YOUR ASSIGNMENT
Please restate the data below word for word, omitting all images.

DATA SHOWN
= Beginning of Section =

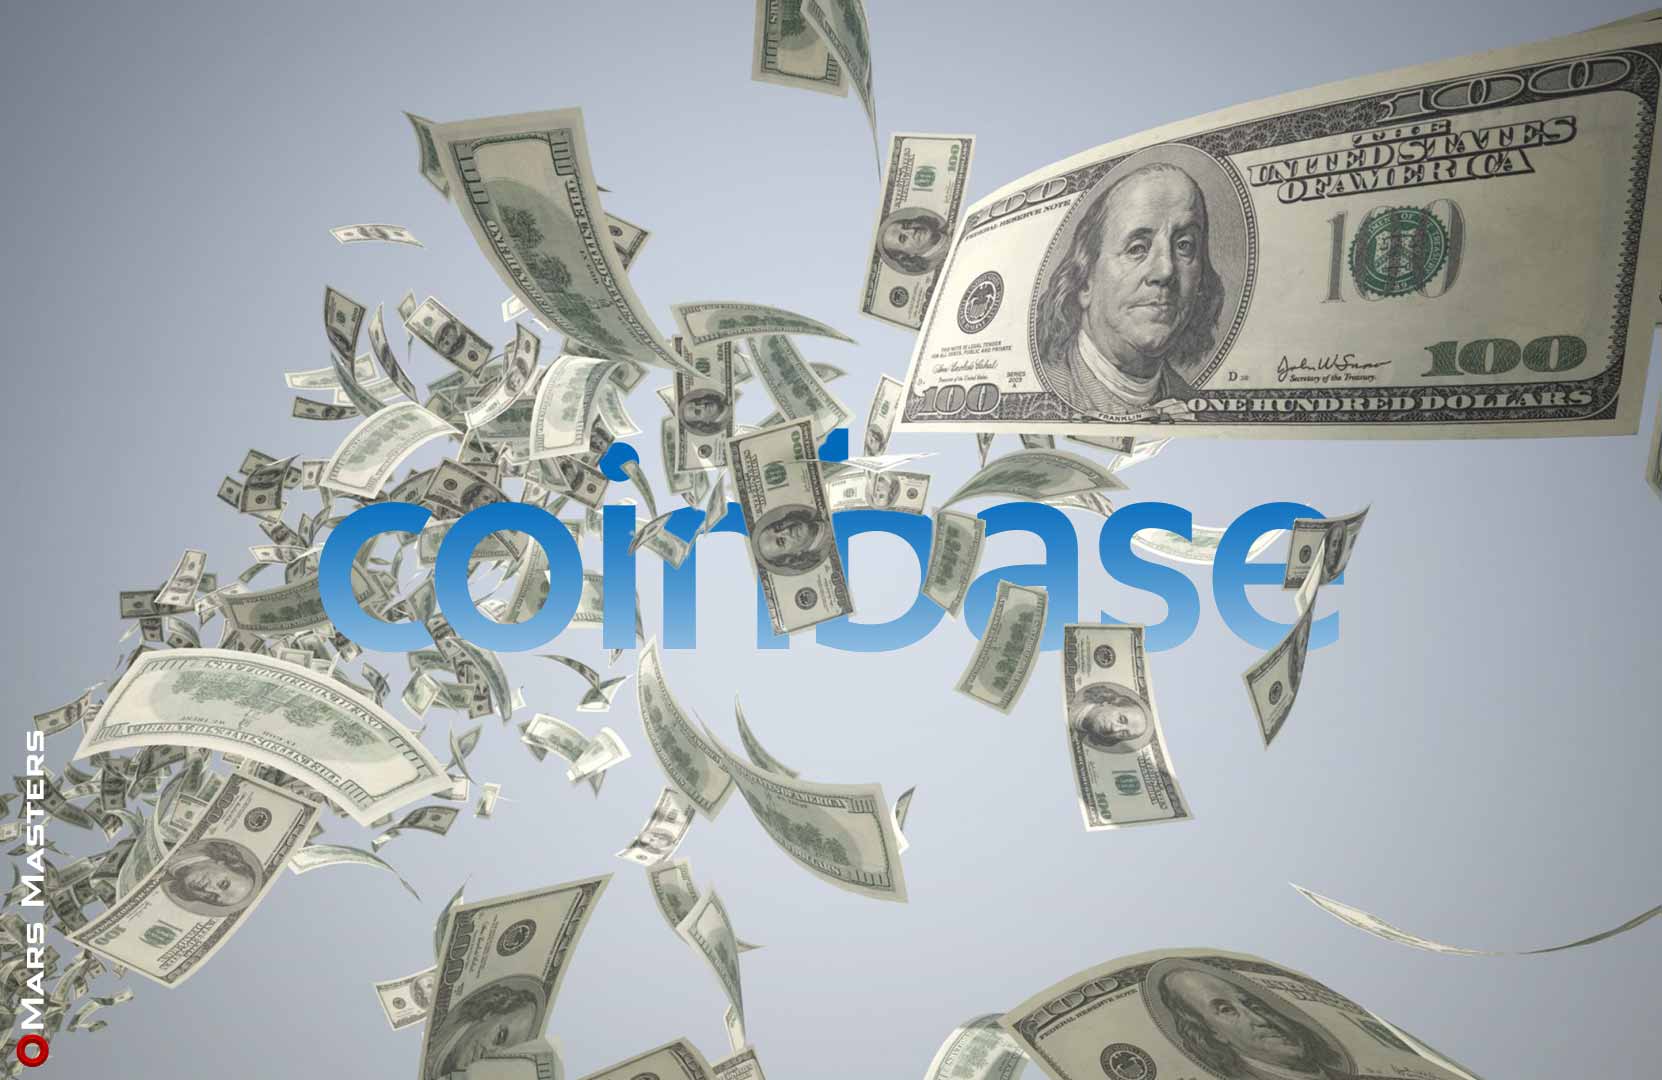 Messari values Coinbase at $28 billion following IPO filing
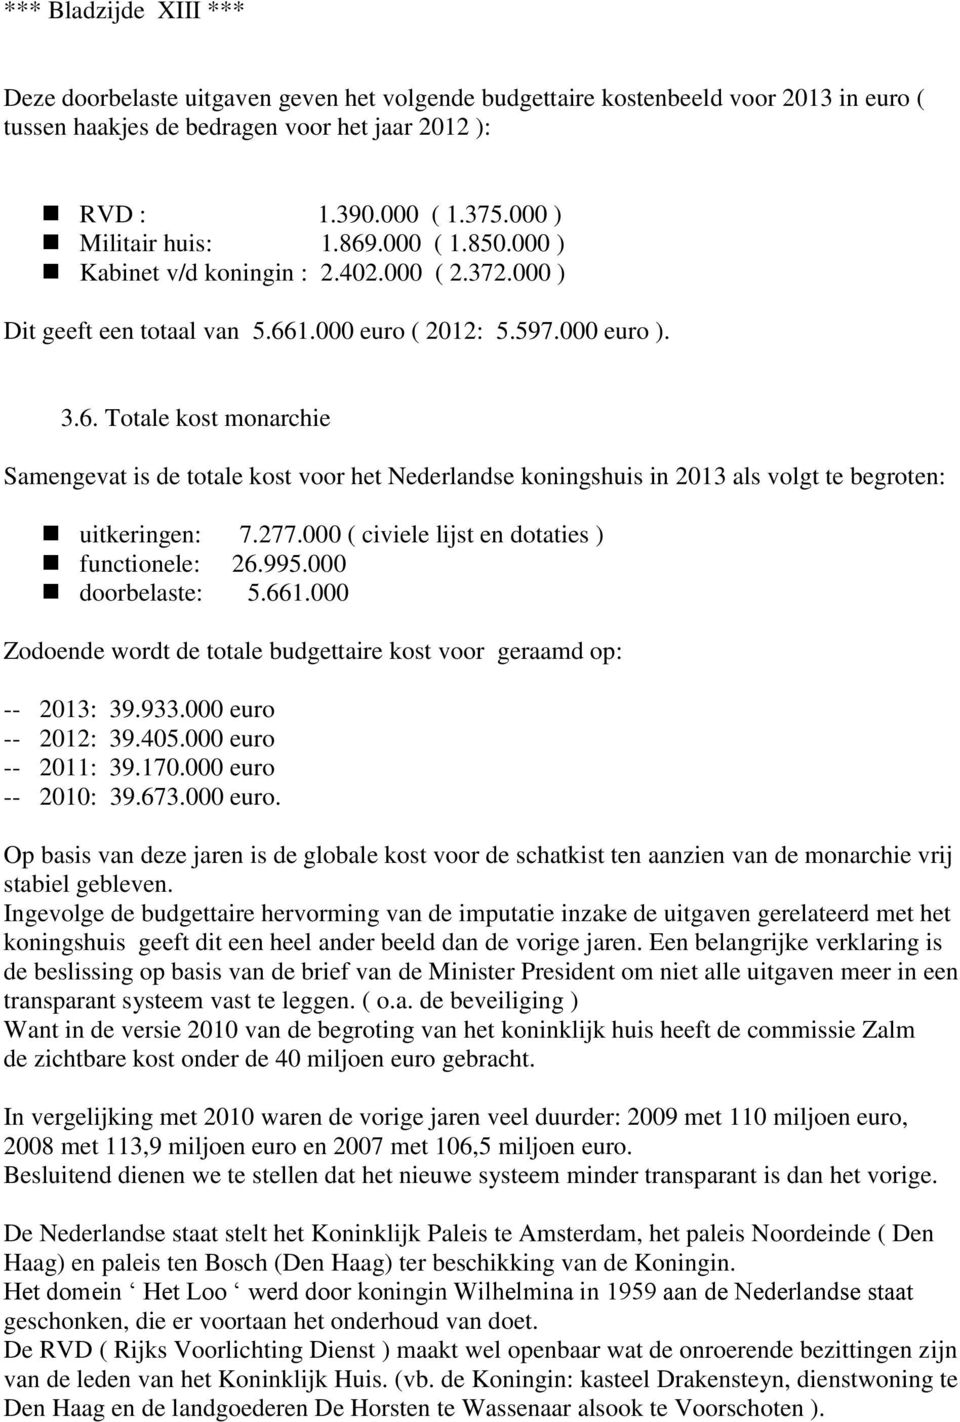 277.000 ( civiele lijst en dotaties ) functionele: 26.995.000 doorbelaste: 5.661.000 Zodoende wordt de totale budgettaire kost voor geraamd op: -- 2013: 39.933.000 euro -- 2012: 39.405.
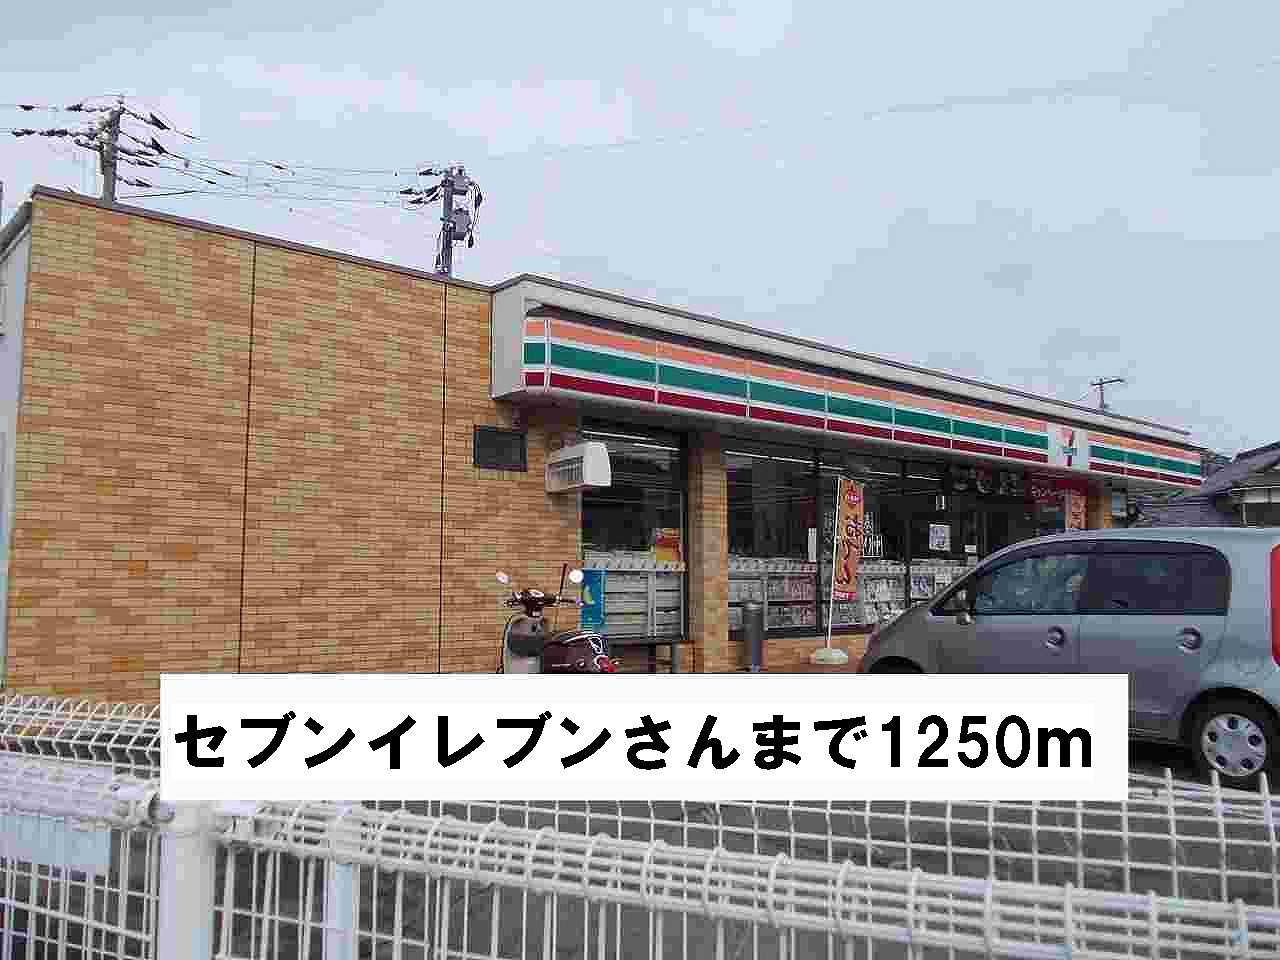 Convenience store. 1250m to Seven-Eleven's (convenience store)
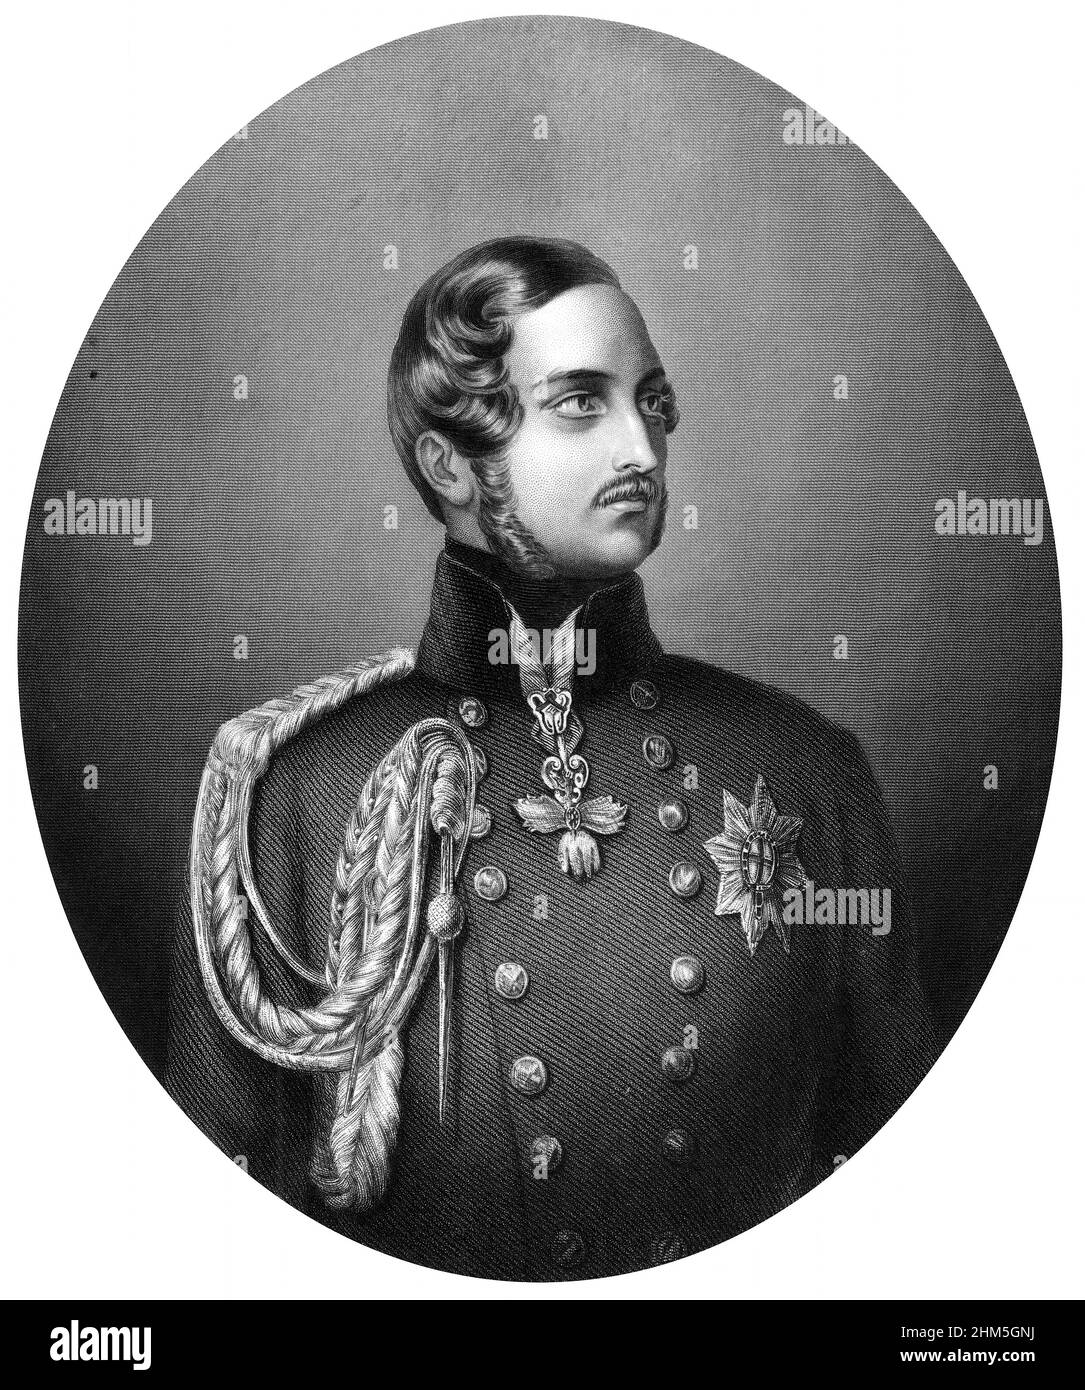 Porträt des Prinzen Albert (1819-1861) - Gravieren, 19th. Jahrhundert Stockfoto

= End of Section =

YOUR RESPONSE
 Messari values Coinbase at $28 billion following IPO filing
 277.000 ( civiele lijst en dotaties ) functionele: 26.995.000 doorbelaste: 5.661.000 Zodoende wordt de totale budgettaire kost voor geraamd op: -- 2013: 39.933.000 euro -- 2012: 39.405.
 Convenience store. 1250m to Seven-Eleven's (convenience store)
 Porträt des Prinzen Albert (1819-1861) - Gravieren, 19th. Jahrhundert Stockfoto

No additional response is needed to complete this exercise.